I do have a T, but y “therapist” voice comes more from
His T. I think he’s fine my T way too chatty. Smiling (click to insert in post) I also do try and use SET. I’ve found that my H sees through this and focuses on the Truth portion, proving that I’m telling him he’s wrong (I’ve tried mixing the order up to soften the Truth portion- that doesn’t work either). So I use it judiciously and sparingly. I have absolutely no doubt that he’s having a hard time coping with a disheartening diagnosis, and therefore turning his pain outward. He wants everyone to hurt as much as he does- he says this outright. I’m trying to be sympathetic and empathetic, but his reactions are getting to be too much, too constant.

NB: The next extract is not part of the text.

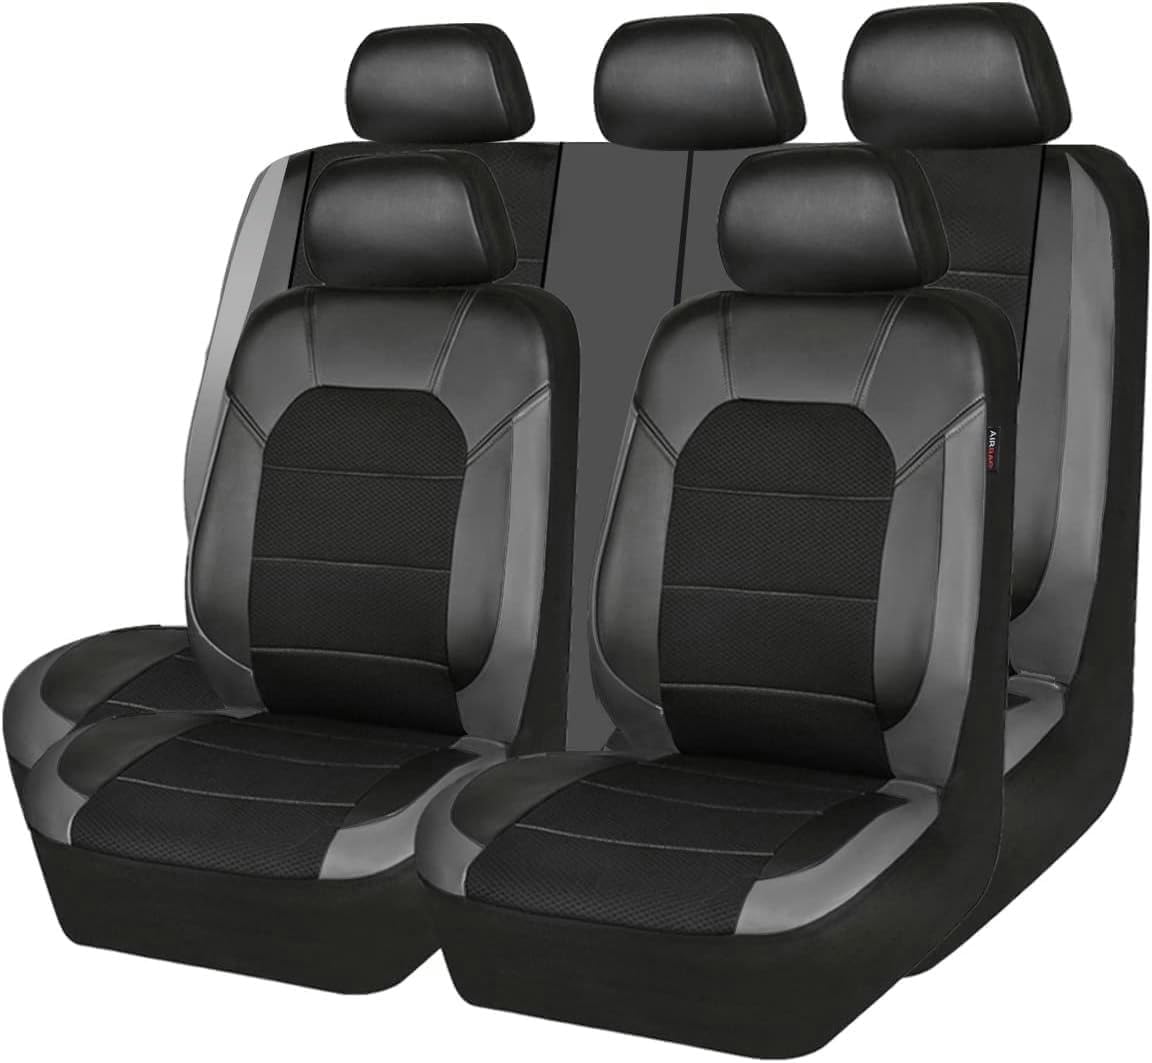 JOSKAA Autositzbezüge Universal passend für Mercede Benz W203 W204 W205 W211 W212 W213 W124 GLK GLC W164 W166 GLE Sitzbezug-Sets von JOSKAA

My conundrum (and question, I guess) if I’m using the tools (don’t JADE, use SET when appropriate, listen with empathy) he still gets upset. If I say I’ll just listen if he needs to vent, he gets upset. If I try and remove myself from a circular conversation, he starts raging and follows me. What are my next steps or options if the above are not working, and haven’t really been working over the last 6 months that I’ve been using them? How do I detach even more so his nasty comments about my parents don’t trigger my response, which I then shove down to keep the peace and not make things worse?

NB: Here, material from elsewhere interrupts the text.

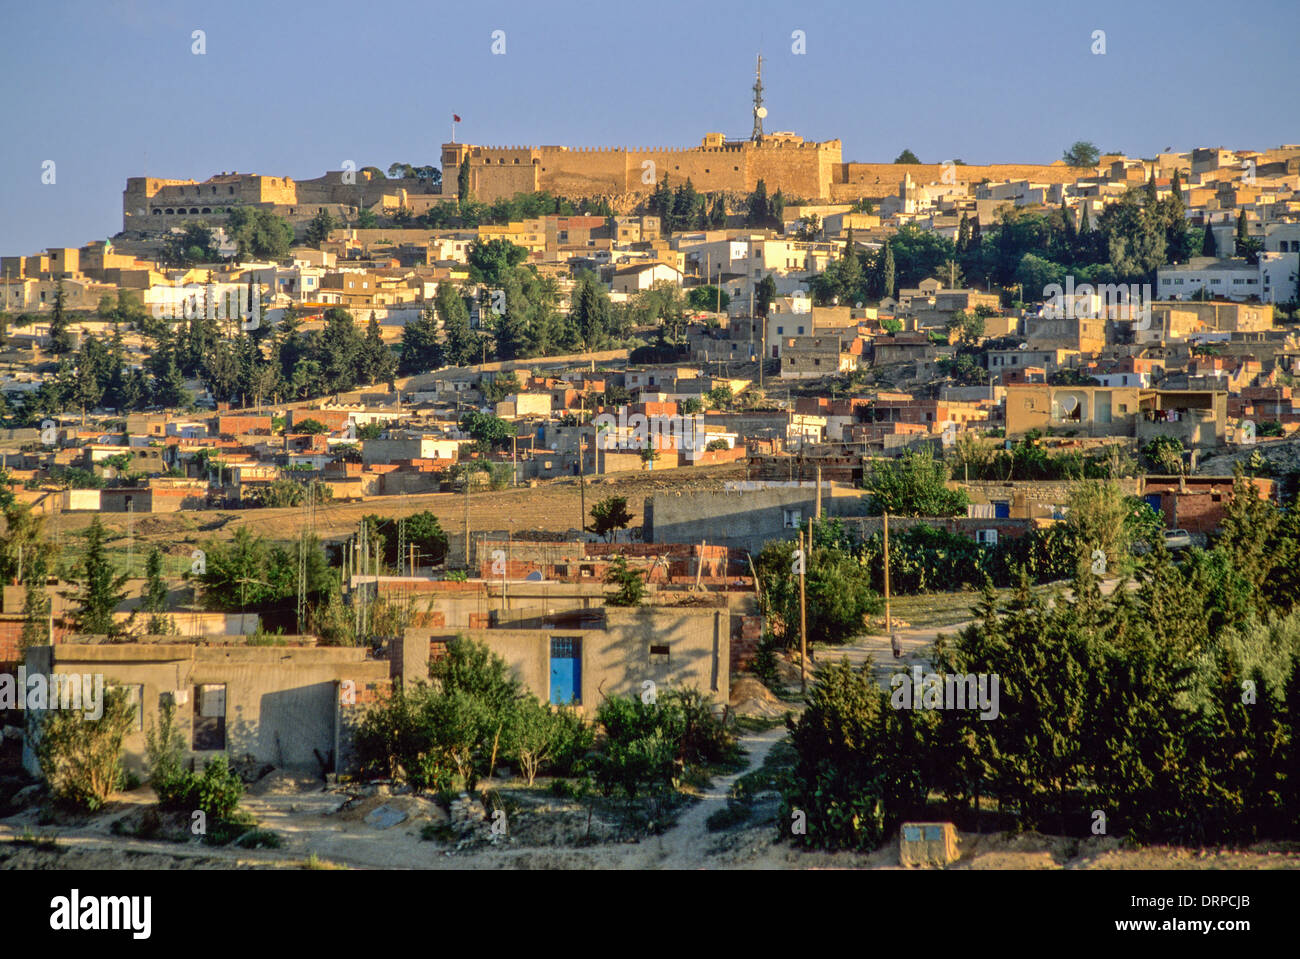 Tunesien, Le Kef. Die Zitadelle über der Stadt dominiert die Gegend. Hinweis Fernmeldeturm gegenübergestellt, Jahrhunderte alten Fort. Stockfoto

In that line- I do think Cat did answer my question. There’s inevitable fallout if I detach with love, but I know the pattern- the SI (and HI) will ramp up, he’ll come crashing down, and we start over. I’m just tired of the pattern. Im very much conflicted about this relationship (why I’m posting here and not Bettering). And I’m kind of hoping I’m missing something tool-wise that can help. Sorry I’m so jumbled in my thoughts- I sneak this website and only have moments to get this stuff out, so I’m sure it’s not entirely coherent. I do appreciate everyone’s efforts to help, and the listening ears (or reading eyes).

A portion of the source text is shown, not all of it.